Parkman Professor of Divinity Frank Clooney, is a leading thinker in the developing field of comparative theology. A scholar of the Sanskrit and Tamil traditions of Hindu India, Clooney is also a practicing Jesuit priest who received the Lifetime Achievement Award from the Catholic Theological Society of America in 2017. He notes that the COVID-19 pandemic coincides with Christian and Jewish holy seasons—and that both traditions have a lot to say about hope in the midst of suffering, sickness, and death.  

“These moments of extreme pandemic are now happening in the same time as we mark the death of Christ, the remembrance of the Passover, the flight from Egypt, the crossing of the Red Sea. These potent symbols are coming together.
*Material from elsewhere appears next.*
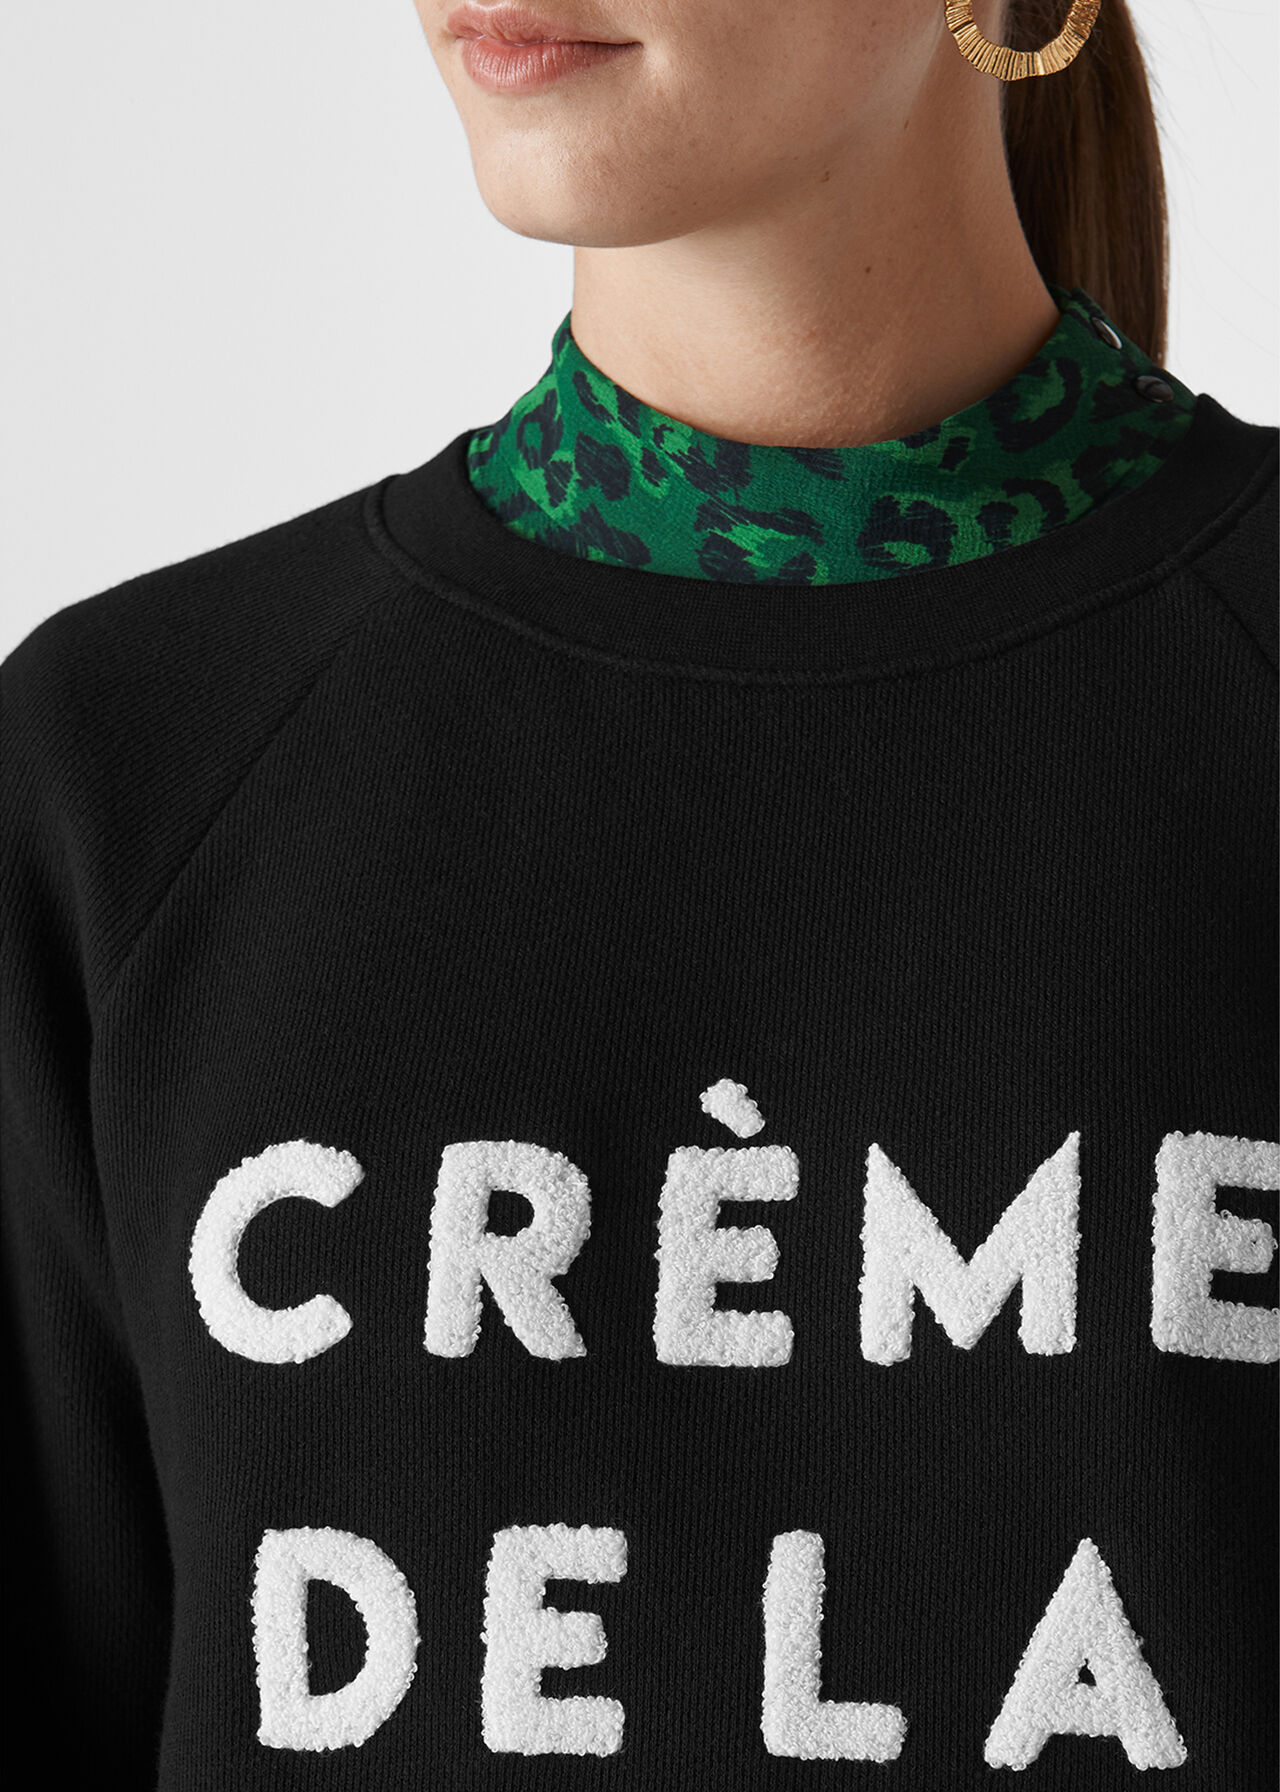 Creme De La Creme Sweatshirt

“In the Christian story, the narrative of death and resurrection can be rephrased as wisdom or advice for people who don't want to commit to being Christian or don't want to come to church or any of that. It’s the understanding that we are finite beings and that even when there's no pandemic we live only a certain number of years and then we're gone. However painful it may be to strip away the stories and the progress and the ‘busy-ness’ and say, ‘I see myself in April 2020 under these constraints and concerns,’ there is an abiding peace in the rediscovery of the moment in which we’re living. It’s the realization that we are more than this. This is not the end of our story.

“To live by this kind of hope is not just saying, fancifully, ‘I hope things get better.’ It’s a deep understanding that, whatever the difficulty of the moment, if we face it and don’t run, we will pass through. To echo the Passover feast, we shall leave the slavery of Egypt and cross the Red Sea.

“I know it sounds like I'm in church, but there's a powerful sense of the basic metaphors there, even if you don't celebrate Passover or Easter. The message is ‘Don’t be afraid to be yourself in this situation now because in the end it will give you life.’”

—by Paul Massari

Editor’s Note: HDS reached out to leaders of other faith traditions but at press time were still waiting for responses. This article will be updated as responses arrive.